Configures whether or not to create a log file and what level of messages it should contain. Value should be 0, 1 (default) or 2. See Output.

N

Example JSON input file:

{
    "job_id": "j1",
    "unit_id": "ident",
    "indata_filename": "indata.parq",
    "indata_aux_filename": "C:\\full\\filepath\\to\\auxdata.parq",
    "indata_hist_filename": "histdata.parq",
    "instatus_hist_filename": "histstatus.parq",
    "instatus_filename": "instatus.parq",
    "user_plugins_folder": "C:\\path\\to\\my\\plugins",
    "metadata_folder": "C:\\path\\to\\xml\\metadata",
    "output_folder": "my_output_subfolder",
    "process_output_type": "All",
    "seed": 1234,
    "no_by_stats": "N",
    "randnumvar": "",
    "save_format": [".parq", ".csv"],
    "log_level": 2
}

Example building a ProcessorInput object inline:

from banffprocessor.processor import Processor
from banffprocessor.processor_input import ProcessorInput
from pathlib import Path

# Supplying parameters directly, instead of an input file
input_params = ProcessorInput(job_id="j1", 
                              unit_id="ident",
                              # Gets the path to the folder containing this file
                              input_folder=Path(__file__).parent,
                              indata_filename="indata.parq",
                              indata_hist_filename="C:\\full\\filepath\\to\\histdata.parq",
                              seed=1234, 
                              save_format=[".parq", ".csv"],
                              log_level=2)

# Normal method with a JSON file
#my_bp = Processor("C:\\path\\to\\my\\processor_input.json")
# Method when providing parameters inline
my_bp = Processor(input_params)

Notes:

  • All folder locations may be given as absolute filepaths or relative to the input folder (either the location of the input .json file or the supplied input_folder parameter if creating inputs inline as demonstrated above).

    • This input_folder location is also used as the default location for other files required by the processor should no value be provided for them, such as metadata, input data files and user-defined procedures

  • File paths must have any backslashes \ escaped by replacing them with a double-backslash \\. For example, C:\this\is\a\filepath would become C:\\this\\is\\a\\filepath

  • Fields that are not required to run the procedures outlined in your jobs file can be omitted or left empty

  • The CSV format has been included for testing purposes and is not intended for production, parquet is currently the recommended format for production for reasons related to accuracy, performance and efficiency

Executing the processor as a command line utility#

With the banffprocessor package installed in your python environment, the processor can be run with the following command:

banffprocessor "\path\to\your\processor_input.json" -l fr

Alternatively to run as a module:

python -m banffprocessor.processor "\path\to\your\processor_input.json" --lang fr
  • NOTE: The ‘-l’/’–lang’ parameter is optional. Valid values include en and fr, if not specified, the default is set to en.
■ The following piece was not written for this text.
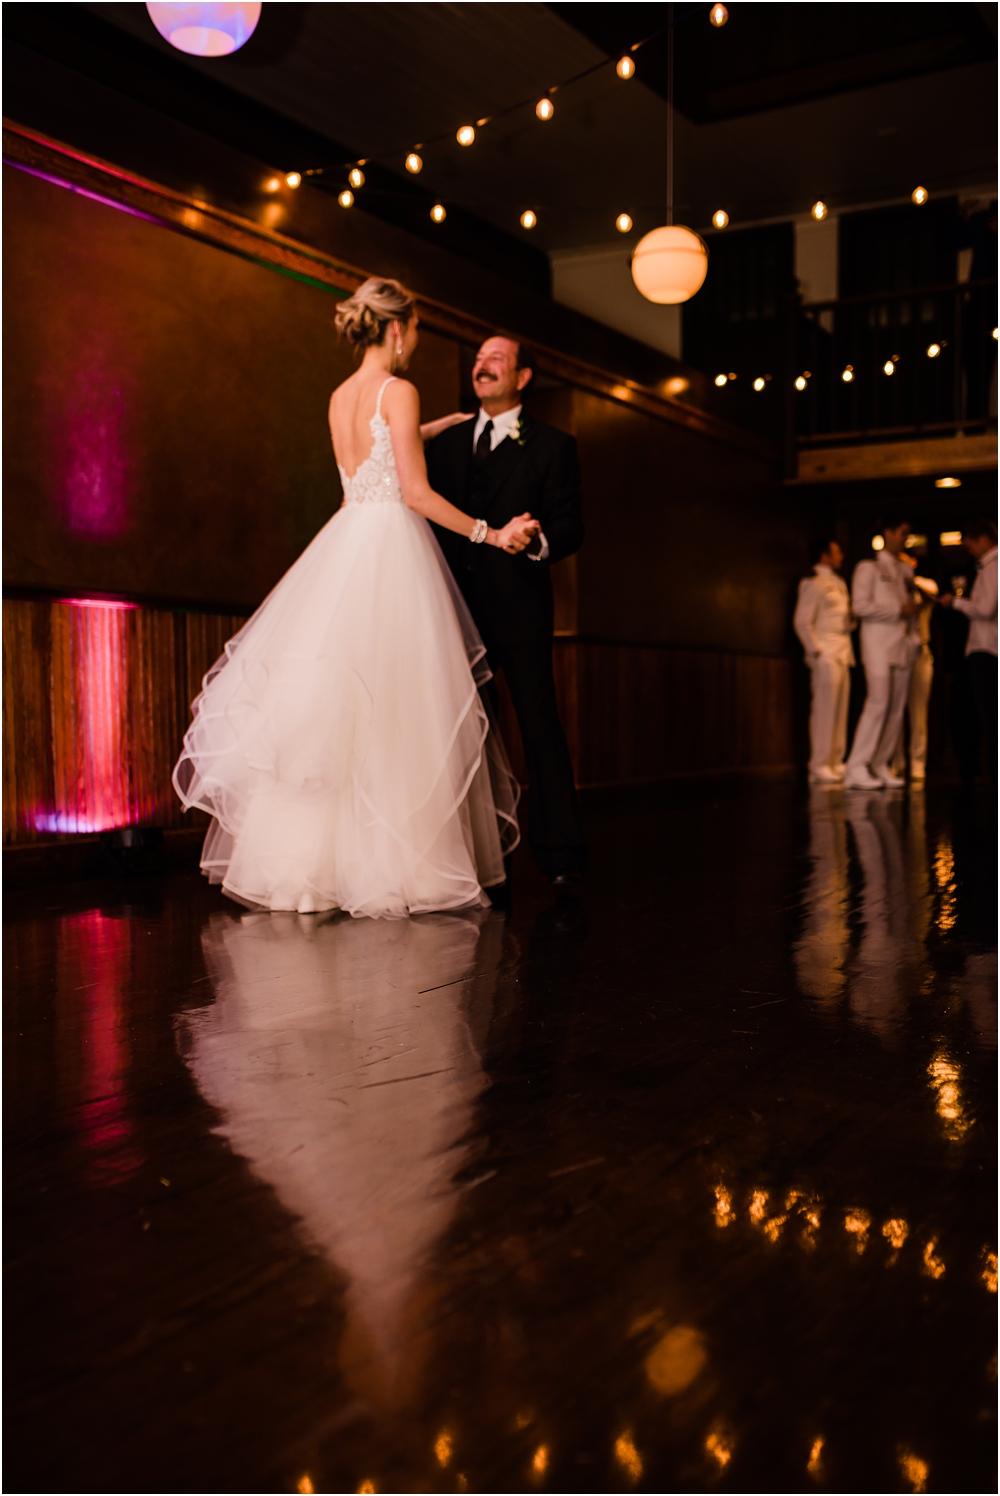 oconnor-pensacola-florida-wedding-photographer-kiersten-taylor-121.jpg

Executing the processor from within a python script#

import banffprocessor

# Optional: Set the language to fr so that log and console messages on written in French.
banffprocessor.set_language(banffprocessor.SupportedLanguage.fr)

bp = banffprocessor.Processor.from_file("path\\to\\my\\input_file.json")
bp.execute()
bp.save_outputs()

Alternatively, you may load your input data files programmatically as Pandas DataFrames:

from banffprocessor.processor import Processor
import pandas as pd

indata = pd.DataFrame()
indata_aux = pd.DataFrame()
instatus = pd.DataFrame()
...
# Load your dataframes with data
...
bp = Processor.from_file(input_filepath="path\\to\\my\\input_file.json", indata=indata, instatus=instatus)
bp.execute()
bp.save_outputs()

User-Defined Procedures#

In addition to the standard Banff Procedures automatically integrated into the processor, you may also include your own .py files implementing custom procedures. By default the Processor will look for python files placed in a \plugins subfolder in the same location as your input JSON file. Alternatively you may provide a specific location to load plugins from in the user_plugins_folder parameter of your input JSON file. You may provide as many plugin files as needed for your job, and each plugin file may contain as many procedure classes as you wish so long as each class is registered in a register() method.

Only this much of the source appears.